For the all-ages workshops, keep in mind to:
- Make sure it is clear to the adult participants that the workshop is designed for children to work with the adults, not on their own, and thus the parents/guardians must remain and be resposible for their children, even if there is some support for the children.
- Bring age-appropriate games or toys for children that might not want to or manage to stay with the activity for the full time of the workshop – this way they can go in and out of the workshop.
- Make sure the space is child-friendly and people there are aware that children will be present.
- Ideally, have at least one person assisting you who can help with the children throughout the workshop – not to act as a guardian, but to help the parents have a chance to participate fully if their children are asking for attention.
- Make sure there are age-appropriate and healthy snacks and drinks. Remember that sugar will make children have an energy-spike, which may not be ideal for the workshop purposes.
- Watch for indications of the fine line between positive and negative sensations of discomfort. These workshops should ideally take people a bit out of their regular comfort zone, but no-one should feel truly unwell – make sure to give people an out if you get that feeling, offer them a way back to something that feels more natural – by allowing them to explain verbally, or to withdraw a little for example.

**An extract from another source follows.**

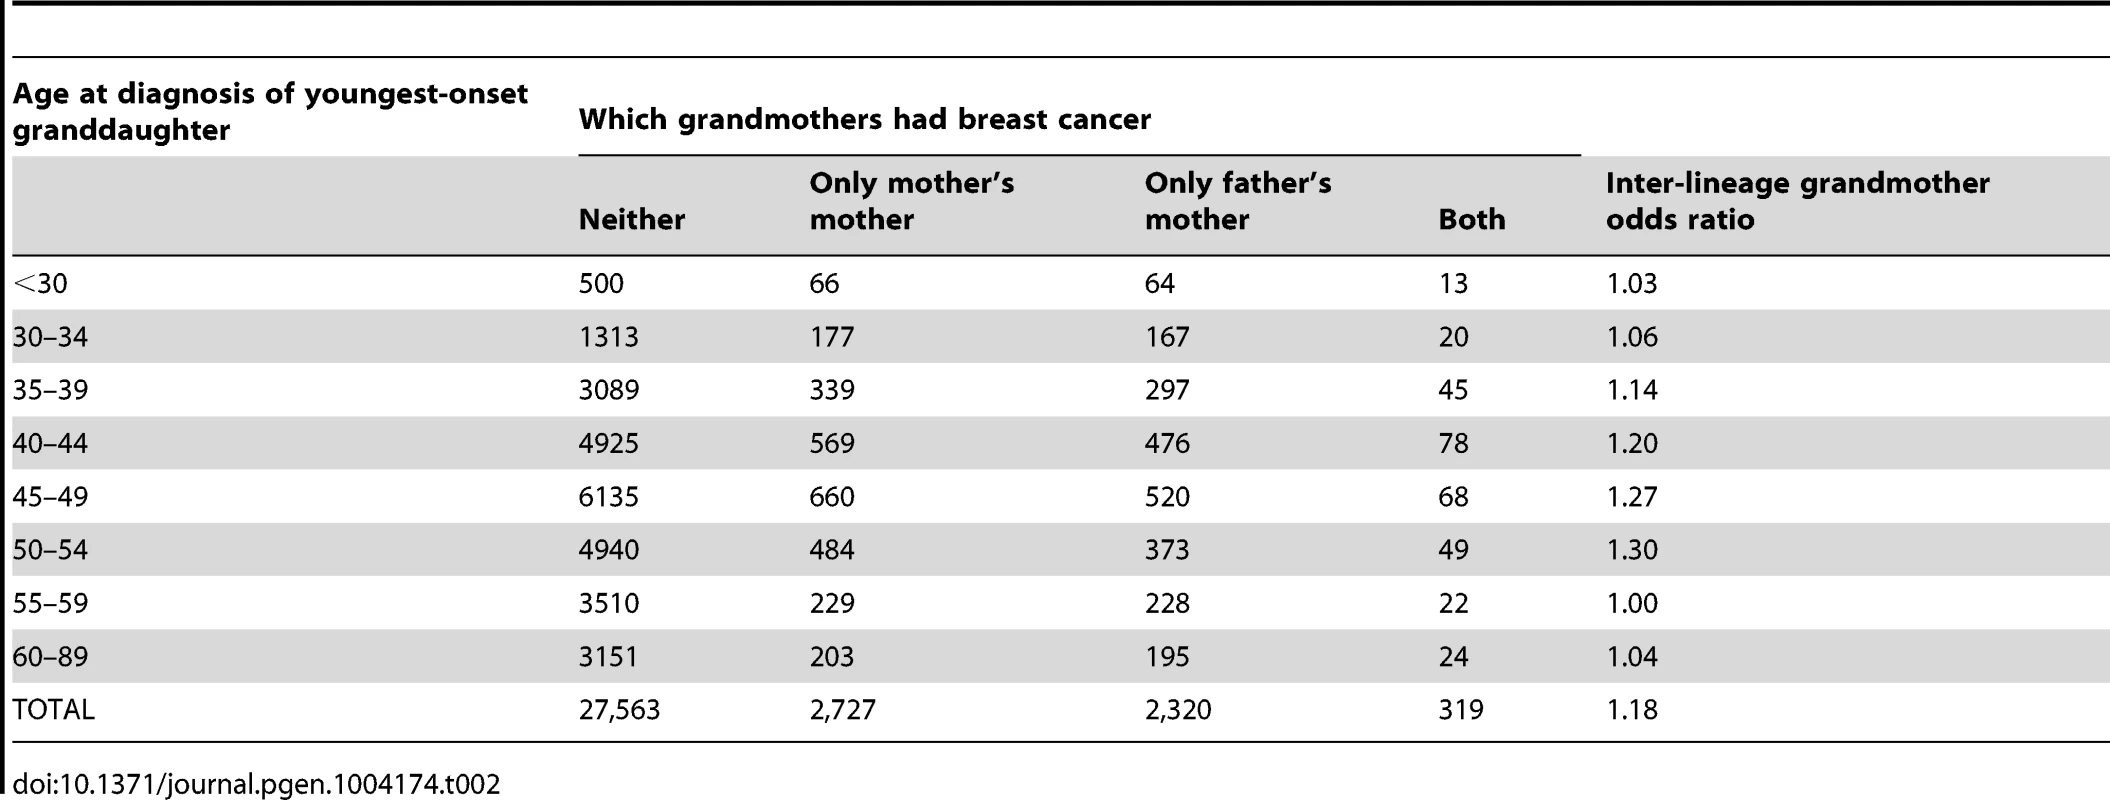 Grandmothers' breast cancer history by age at breast cancer diagnosis of the youngest-onset grand-daughter.
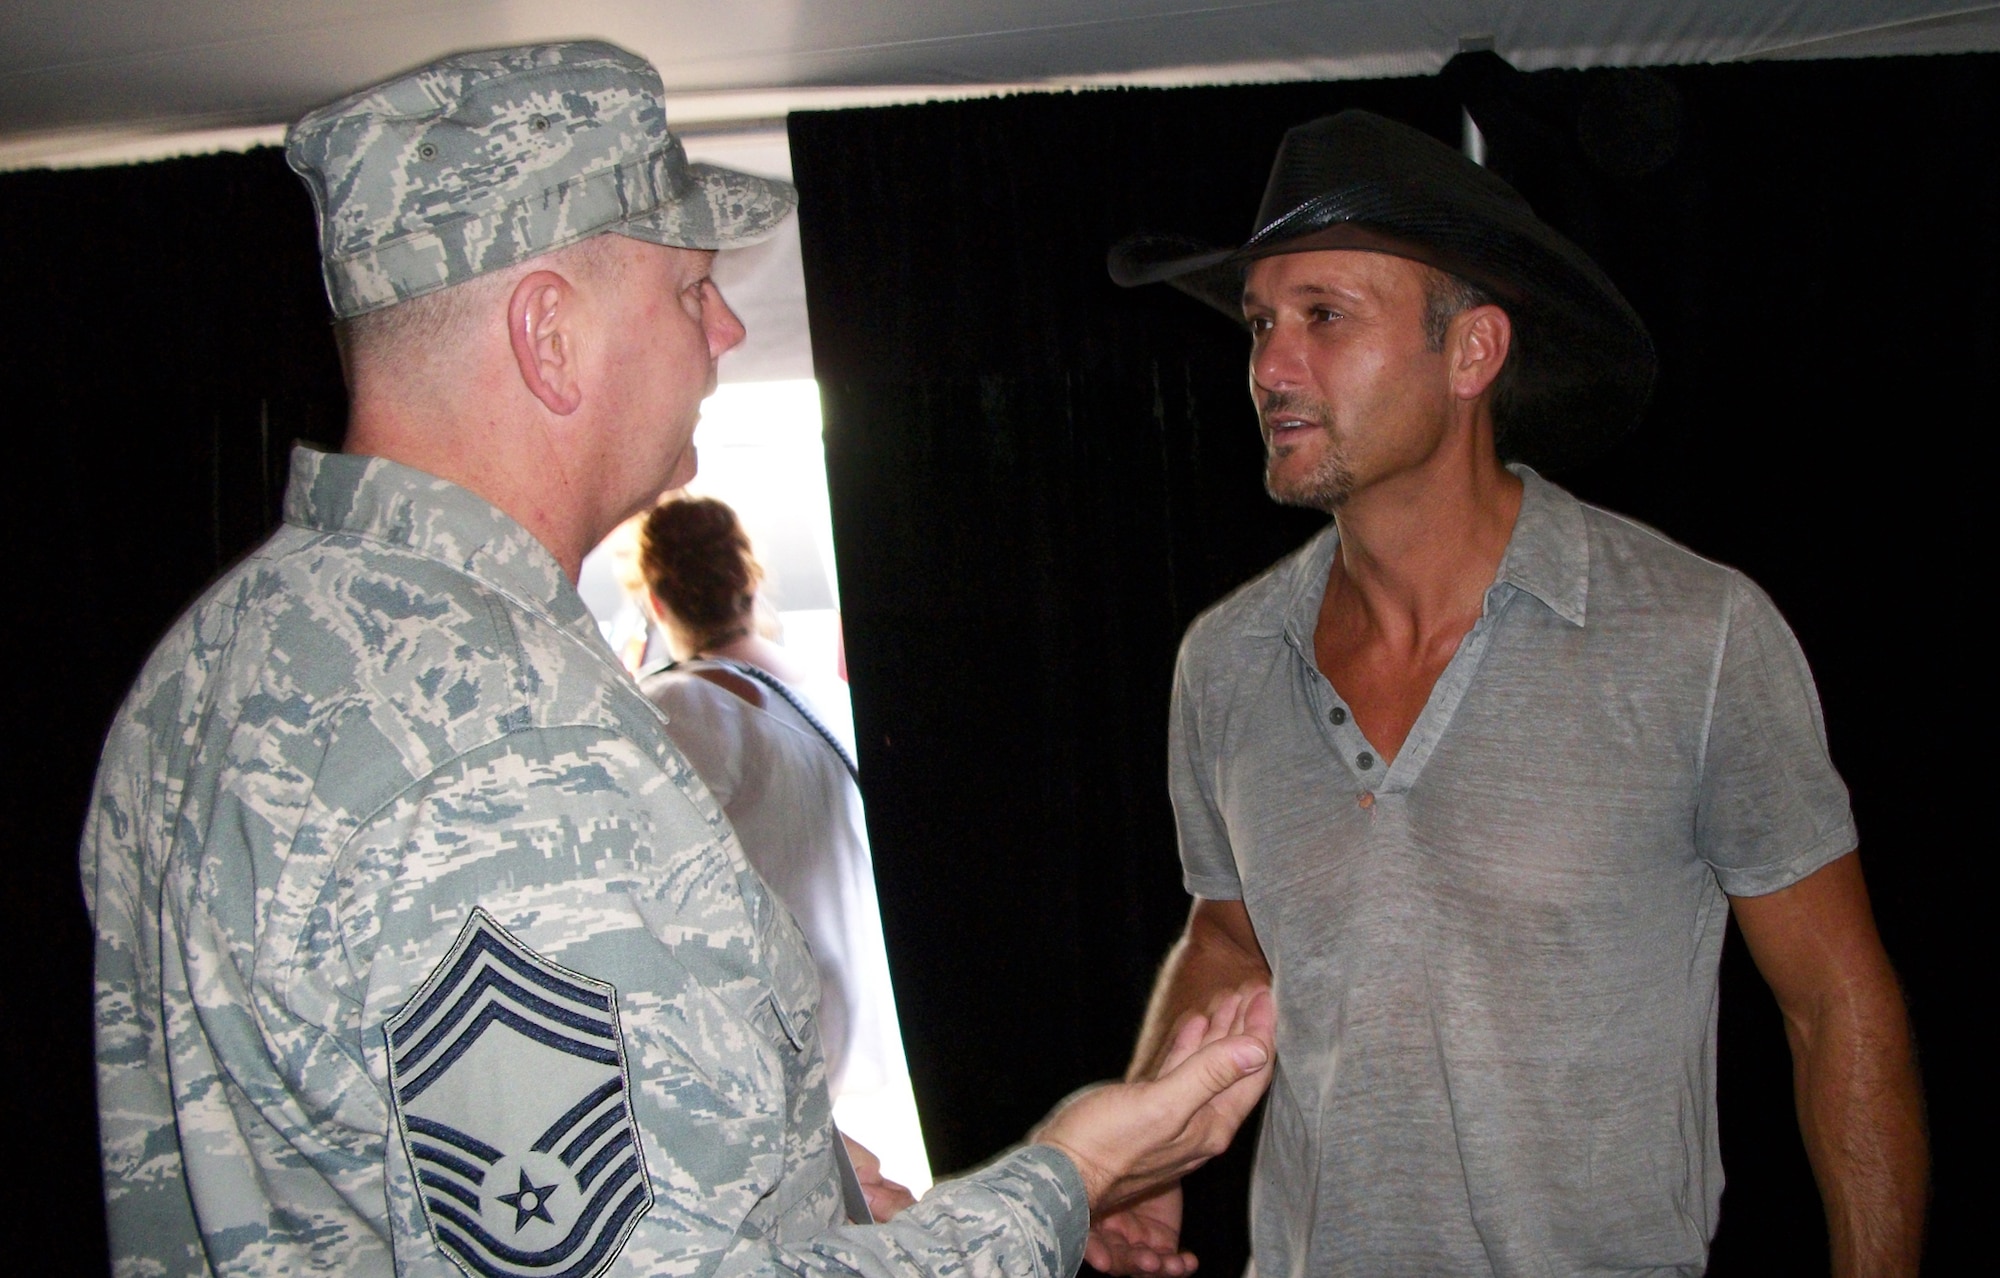 Chief Master Sgt. Vincent Meyer extends his hand to "coin" Tim McGraw before the country music legend opened a concert July 31 in Englewood, Colo. Chief Meyer, the senior recruiter at Peterson Air Force Base, Colo., presented the Air Force Reserve Command recruiting coin to Mr. McGraw as part of his support to the Get-1-Now program. Air Force Reservists can earn prizes and access to events, like the Tim McGraw concert, by referring individuals to AF Reserve recruiters for possible AF Reserve jobs. For more information on the Get-1-Now program, visit www.get1now.us. (Courtesy photo)

The Planners Workshop is intended for a practitioner audience, with the joint objectives of stimulating the creativity of the planners themselves in regards to the way they think about the content of their job, as well as inspiring them to potentially apply such workshop structures in their work, for example during participatory meetings with a wider public. For this purpose, it can be good to point these two objectives out at the start, and highlight the value of the workshop as training for practitioners. You can point to this toolbox for future reference if they are interested in using the method in future.
For the planners workshop, keep in mind to:
- Remind the participants to connect to their intuition, and not be too perfectionist about their drawings or other “artworks”
- Try to find out about projects these practitioners have worked on, as this may help interpret examples they may give.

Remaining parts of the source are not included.